I’m not sure this is a helpful distinction to make. In Protestantism, the idea of the ‘invisible church’ has a dangerous influence for the Christian to go inward and neglect the important of Church attendance and membership. In the context of American individualism, one can rest assured that one is part of an ‘invisible church’ because after all, Christianity is about YOUR relationship with Christ. This becomes especially clear when a church does not hold to some sort of confession or catechism, attending church isn’t much about learning or formation with creeds and liturgy, it becomes a place of emotional self-expression and being entertained for an hour or so. I’m inclined to agree with Karl Barth’s approach to the ‘visible/invisible’ church, Wyatt over at PostBarthian.com has a wonderful post on Barth’s position here. I think Barth’s approach is helpful to understand, at least begin to understand, God’s Oneness and its relation to the Church. There is no salvation outside of God’s action of redemption and reconciliation towards us, the Belgic confession also makes it clear:

“We believe that since this holy assembly and congregation is the gathering of those who are saved and there is no salvation apart from it, people ought not to withdraw from it, content to be by themselves, regardless of their status or condition.” (Article 28)

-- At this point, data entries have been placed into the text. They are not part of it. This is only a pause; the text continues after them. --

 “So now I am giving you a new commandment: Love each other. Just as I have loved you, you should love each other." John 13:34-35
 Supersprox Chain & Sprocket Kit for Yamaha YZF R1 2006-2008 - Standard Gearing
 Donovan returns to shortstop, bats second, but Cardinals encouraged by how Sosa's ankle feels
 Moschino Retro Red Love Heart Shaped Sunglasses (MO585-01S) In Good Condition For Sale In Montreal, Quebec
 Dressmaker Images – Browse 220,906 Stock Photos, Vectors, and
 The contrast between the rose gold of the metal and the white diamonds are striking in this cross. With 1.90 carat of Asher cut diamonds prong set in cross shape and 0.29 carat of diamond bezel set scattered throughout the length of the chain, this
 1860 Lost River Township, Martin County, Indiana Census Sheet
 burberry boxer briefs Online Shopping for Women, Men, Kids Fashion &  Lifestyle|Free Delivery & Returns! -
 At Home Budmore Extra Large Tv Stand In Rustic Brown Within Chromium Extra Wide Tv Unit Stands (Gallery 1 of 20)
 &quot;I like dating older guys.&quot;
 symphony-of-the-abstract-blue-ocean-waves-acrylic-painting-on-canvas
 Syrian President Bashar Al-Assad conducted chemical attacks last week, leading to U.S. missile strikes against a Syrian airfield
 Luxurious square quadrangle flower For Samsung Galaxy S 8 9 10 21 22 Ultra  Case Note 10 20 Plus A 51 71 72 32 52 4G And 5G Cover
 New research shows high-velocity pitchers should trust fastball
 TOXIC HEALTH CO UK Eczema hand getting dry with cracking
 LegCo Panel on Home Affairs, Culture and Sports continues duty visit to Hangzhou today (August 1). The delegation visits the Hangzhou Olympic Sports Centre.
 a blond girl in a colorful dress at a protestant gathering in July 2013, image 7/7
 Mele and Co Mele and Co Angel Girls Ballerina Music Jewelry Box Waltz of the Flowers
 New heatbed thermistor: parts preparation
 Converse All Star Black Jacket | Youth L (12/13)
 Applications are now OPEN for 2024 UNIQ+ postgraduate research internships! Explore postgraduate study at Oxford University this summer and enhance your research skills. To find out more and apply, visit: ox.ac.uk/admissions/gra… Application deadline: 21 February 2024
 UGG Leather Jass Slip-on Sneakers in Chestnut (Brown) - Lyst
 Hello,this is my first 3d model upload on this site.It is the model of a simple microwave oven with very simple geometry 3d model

Christians cannot be atomized and doing Christianity alone. There is no salvation apart from the church, and the church is a visible place. It is a tangible reality of God’s kingdom in which His grace is tangibly felt through participation in the community. As we draw closer together as a church, we become like Christ and in turn reflect God’s unity and Oneness within His eternal Triune life. I’ll close with a quote from Barth:

But yet are a chosen generation, a royal priesthood, an holy nation, a peculiar people; that ye should shew forth the praises of him who has called you out of darkness into his marvelous light: which in time past were not a people, but are now the people of God: which had not obtained mercy, but now have obtained mercy.” We may immediately add to this saying the exposition and application of the threefold office of Jesus Christ given under Qu. 32 of the Heidelberg Catechism: “Why art thou called a Christian? Because through faith I am a member of Christ and partake of His anointing, that I may confess His name, offer myself to Him as a living sacrifice, and with a clear conscience wrestle in this life against sin and the devil, hereafter to reign with Him in eternity over all creatures.” If only the Protestant conception of the Church had been worked out and practiced along these lines!” (CD III.4, 161)

References:

Bavinck, H. (2003). Reformed Dogmatics (3rd ed., Vol. 2). Grand Rapids, MI: Baker Academic.

Hart, David Bentley (2013-09-24). The Experience of God. Yale University Press.